▶ _Goal of the exercise_
All lines from the one containing "Bosch Professional Diamond" to the end of the listing below should be output exactly; omit the pictures.

━━ Data section

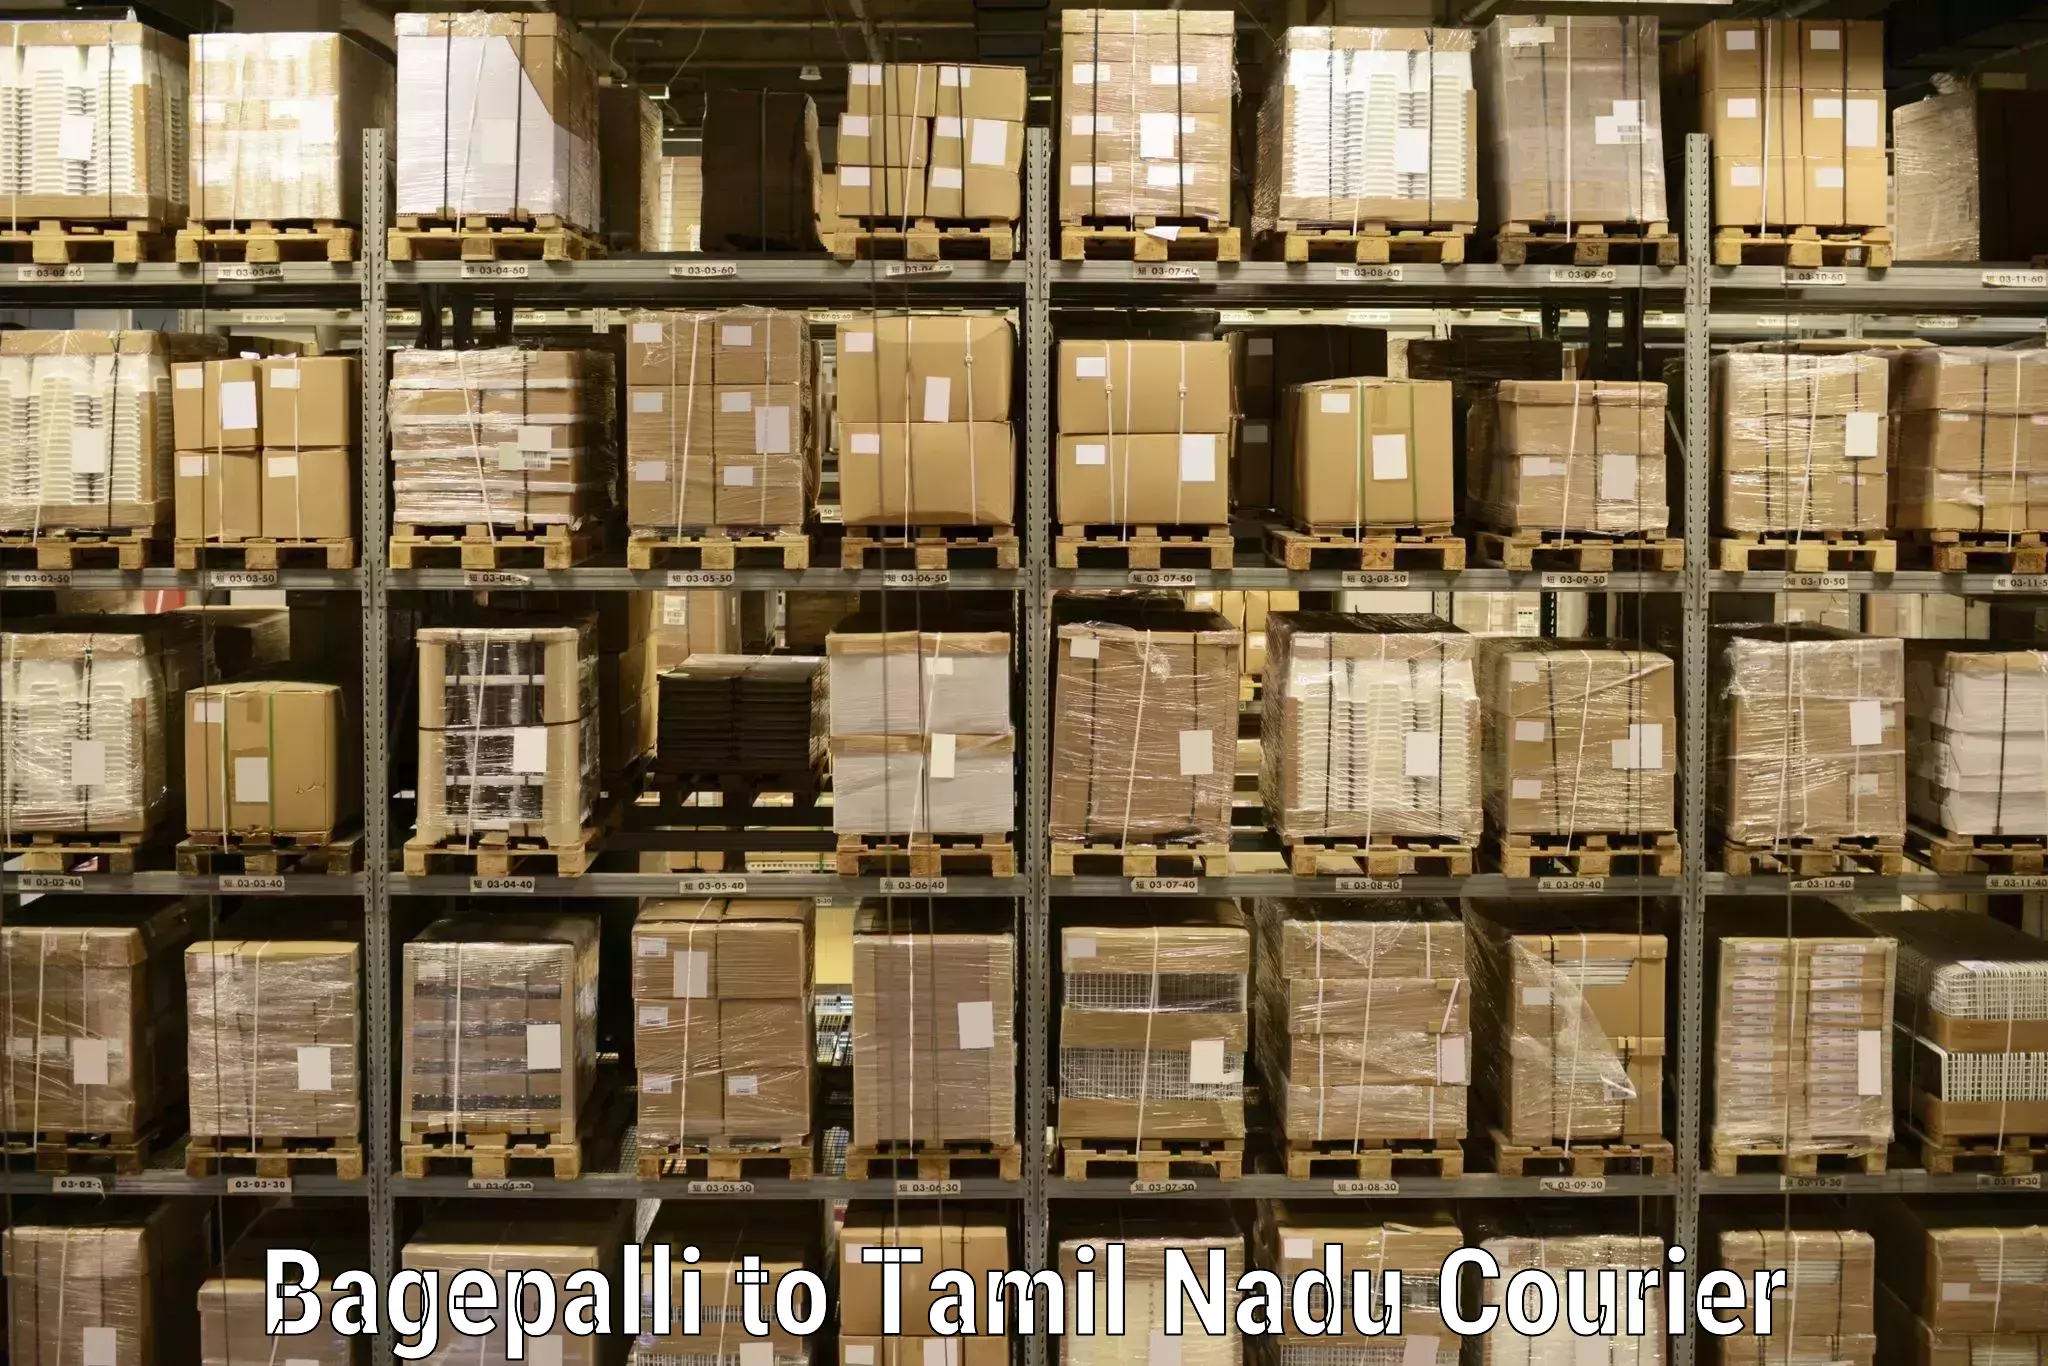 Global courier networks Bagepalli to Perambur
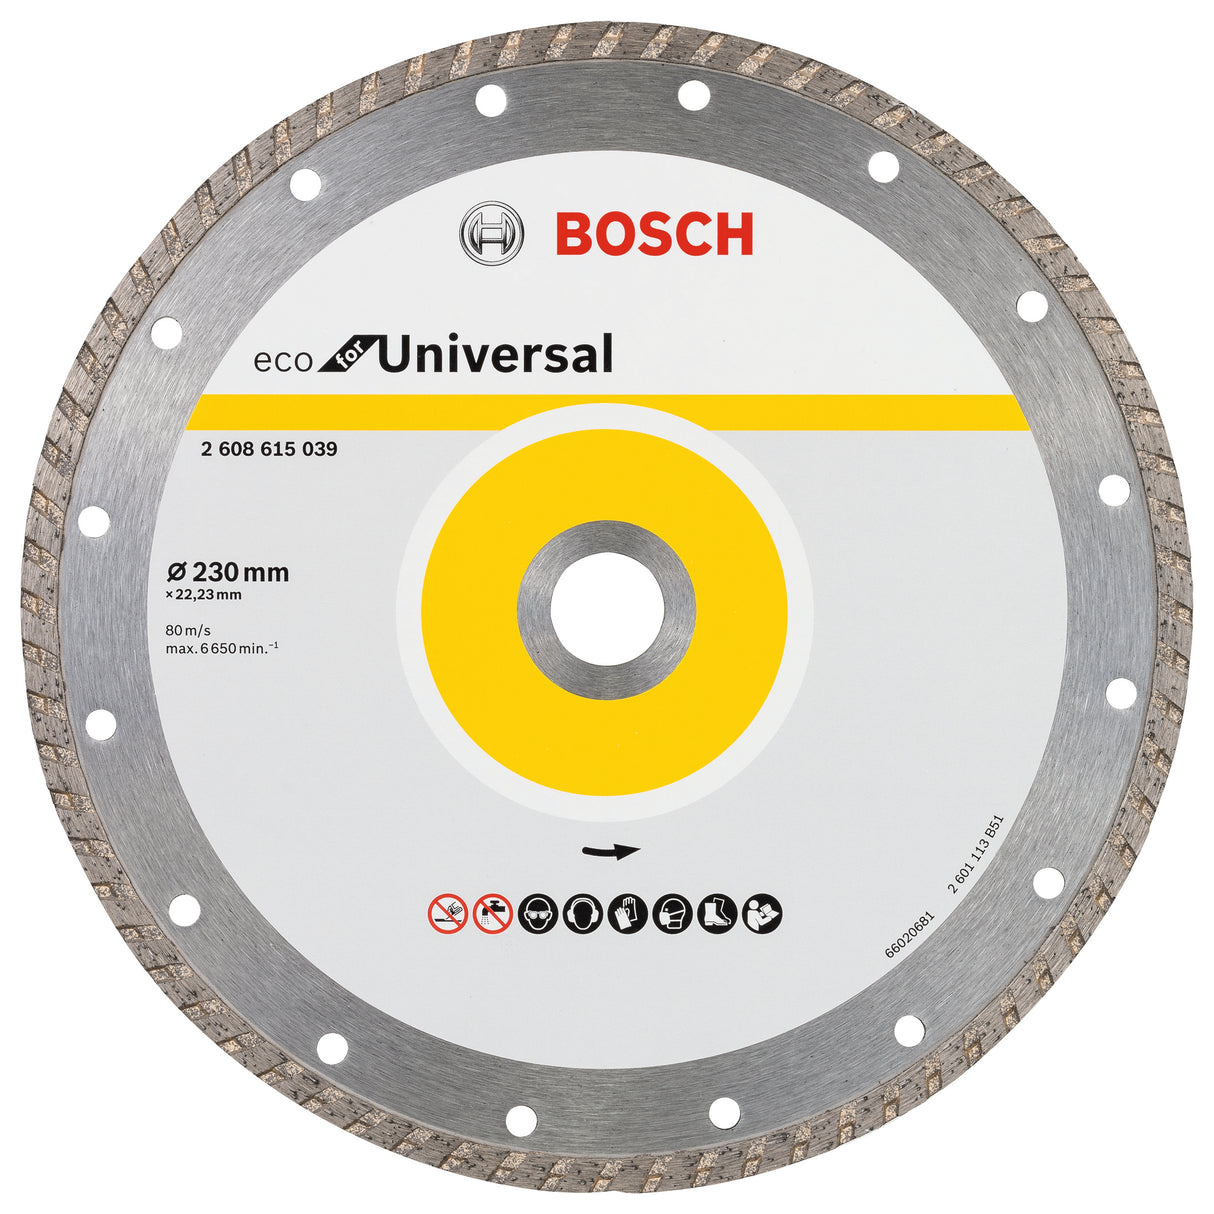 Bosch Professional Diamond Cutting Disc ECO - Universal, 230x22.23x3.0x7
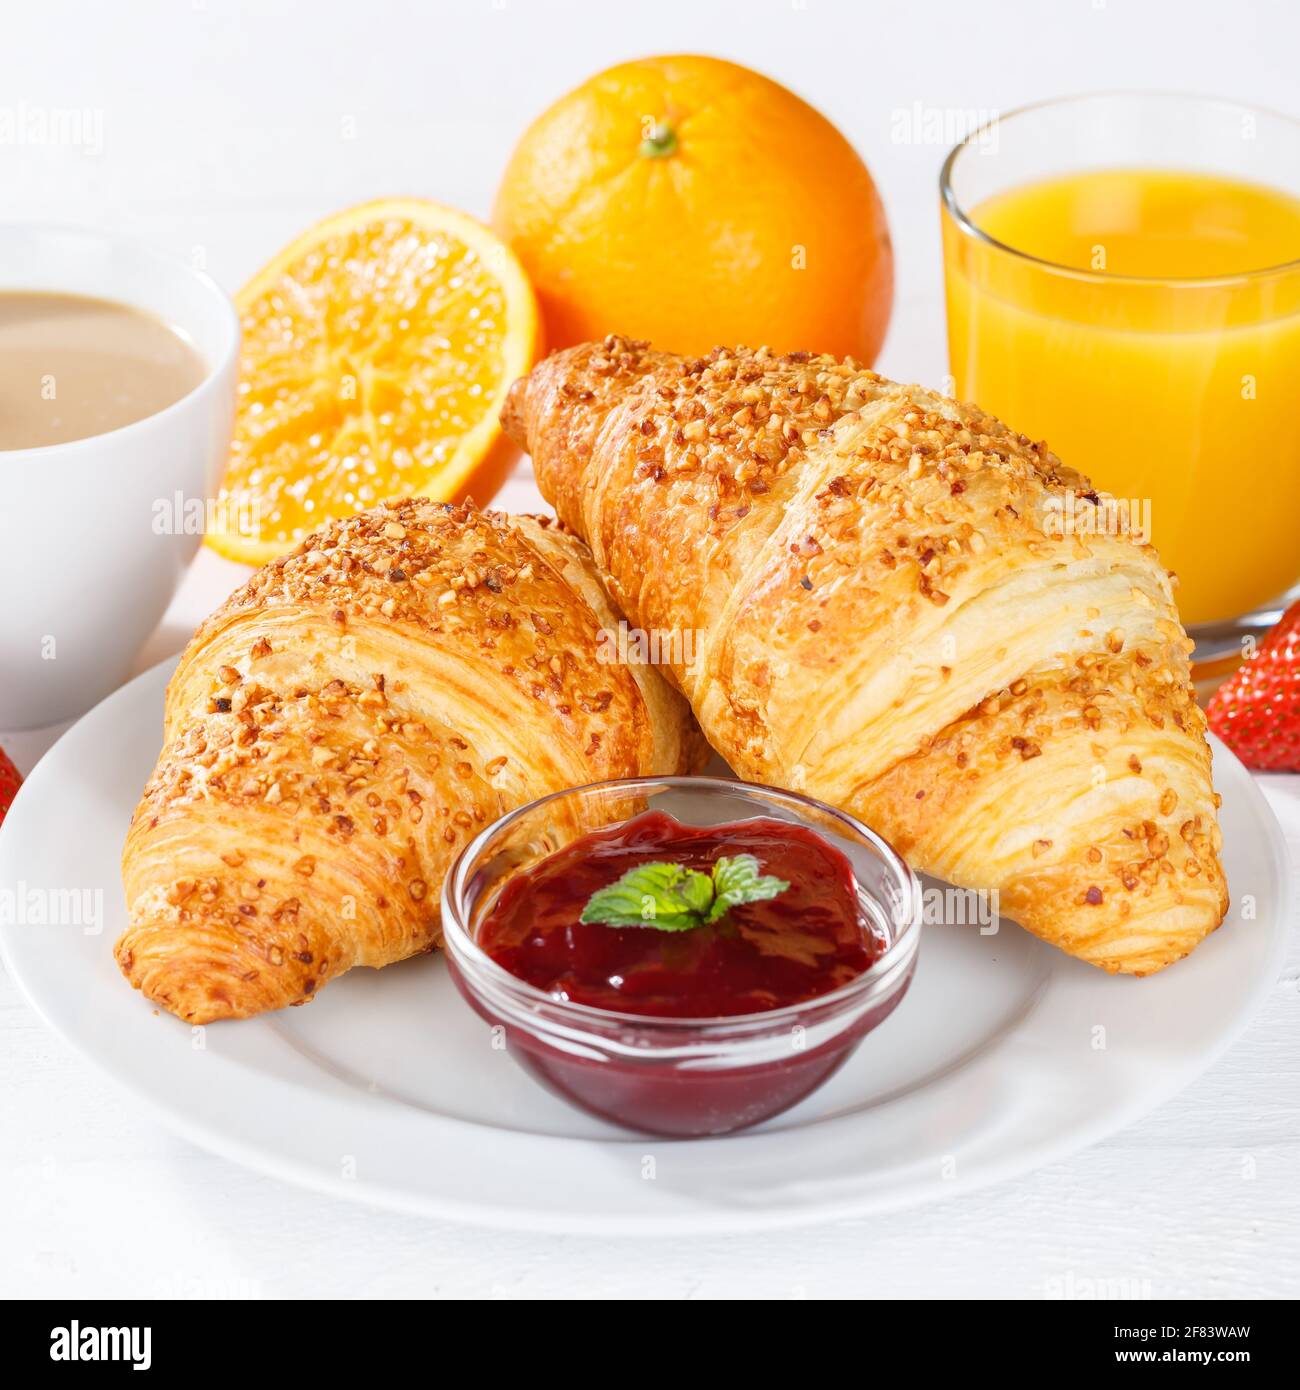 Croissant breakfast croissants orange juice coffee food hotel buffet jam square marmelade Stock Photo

━━━━

▶ _Response_
 Bosch Professional Diamond Cutting Disc ECO - Universal, 230x22.23x3.0x7
 Croissant breakfast croissants orange juice coffee food hotel buffet jam square marmelade Stock Photo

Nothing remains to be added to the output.